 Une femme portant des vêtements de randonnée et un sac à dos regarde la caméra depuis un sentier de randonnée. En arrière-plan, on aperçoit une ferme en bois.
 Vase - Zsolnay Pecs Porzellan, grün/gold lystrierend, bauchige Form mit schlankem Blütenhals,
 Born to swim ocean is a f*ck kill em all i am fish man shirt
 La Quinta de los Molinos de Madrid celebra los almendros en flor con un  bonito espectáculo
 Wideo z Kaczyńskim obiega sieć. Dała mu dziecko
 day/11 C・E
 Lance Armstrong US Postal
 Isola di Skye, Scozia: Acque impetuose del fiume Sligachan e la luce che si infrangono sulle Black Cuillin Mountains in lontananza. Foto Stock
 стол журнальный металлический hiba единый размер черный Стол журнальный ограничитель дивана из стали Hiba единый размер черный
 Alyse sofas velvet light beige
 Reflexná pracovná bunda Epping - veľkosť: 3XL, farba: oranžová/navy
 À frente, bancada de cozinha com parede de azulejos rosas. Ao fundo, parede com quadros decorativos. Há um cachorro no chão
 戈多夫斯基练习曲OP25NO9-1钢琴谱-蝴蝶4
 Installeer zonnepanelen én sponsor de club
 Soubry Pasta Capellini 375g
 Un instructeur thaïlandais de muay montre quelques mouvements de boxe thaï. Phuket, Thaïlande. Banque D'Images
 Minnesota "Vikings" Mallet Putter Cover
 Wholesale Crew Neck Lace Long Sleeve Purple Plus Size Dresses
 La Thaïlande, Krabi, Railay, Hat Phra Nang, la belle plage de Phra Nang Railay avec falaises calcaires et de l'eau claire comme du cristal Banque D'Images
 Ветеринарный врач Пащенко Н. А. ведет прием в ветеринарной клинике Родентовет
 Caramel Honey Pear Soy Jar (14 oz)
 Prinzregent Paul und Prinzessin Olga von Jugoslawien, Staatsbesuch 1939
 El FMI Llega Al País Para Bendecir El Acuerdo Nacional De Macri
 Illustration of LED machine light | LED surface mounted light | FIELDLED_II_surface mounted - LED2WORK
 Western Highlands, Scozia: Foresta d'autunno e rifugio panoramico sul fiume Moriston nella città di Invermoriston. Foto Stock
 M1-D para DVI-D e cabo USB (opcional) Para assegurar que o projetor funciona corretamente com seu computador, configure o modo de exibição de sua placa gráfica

-*-

Task statement: Set down exactly the lines above, from the one containing "Alyse sofas velvet light beige" to the final line of the material, with both ends kept and no other lines.

Task output:
 Alyse sofas velvet light beige
 Reflexná pracovná bunda Epping - veľkosť: 3XL, farba: oranžová/navy
 À frente, bancada de cozinha com parede de azulejos rosas. Ao fundo, parede com quadros decorativos. Há um cachorro no chão
 戈多夫斯基练习曲OP25NO9-1钢琴谱-蝴蝶4
 Installeer zonnepanelen én sponsor de club
 Soubry Pasta Capellini 375g
 Un instructeur thaïlandais de muay montre quelques mouvements de boxe thaï. Phuket, Thaïlande. Banque D'Images
 Minnesota "Vikings" Mallet Putter Cover
 Wholesale Crew Neck Lace Long Sleeve Purple Plus Size Dresses
 La Thaïlande, Krabi, Railay, Hat Phra Nang, la belle plage de Phra Nang Railay avec falaises calcaires et de l'eau claire comme du cristal Banque D'Images
 Ветеринарный врач Пащенко Н. А. ведет прием в ветеринарной клинике Родентовет
 Caramel Honey Pear Soy Jar (14 oz)
 Prinzregent Paul und Prinzessin Olga von Jugoslawien, Staatsbesuch 1939
 El FMI Llega Al País Para Bendecir El Acuerdo Nacional De Macri
 Illustration of LED machine light | LED surface mounted light | FIELDLED_II_surface mounted - LED2WORK
 Western Highlands, Scozia: Foresta d'autunno e rifugio panoramico sul fiume Moriston nella città di Invermoriston. Foto Stock
 M1-D para DVI-D e cabo USB (opcional) Para assegurar que o projetor funciona corretamente com seu computador, configure o modo de exibição de sua placa gráfica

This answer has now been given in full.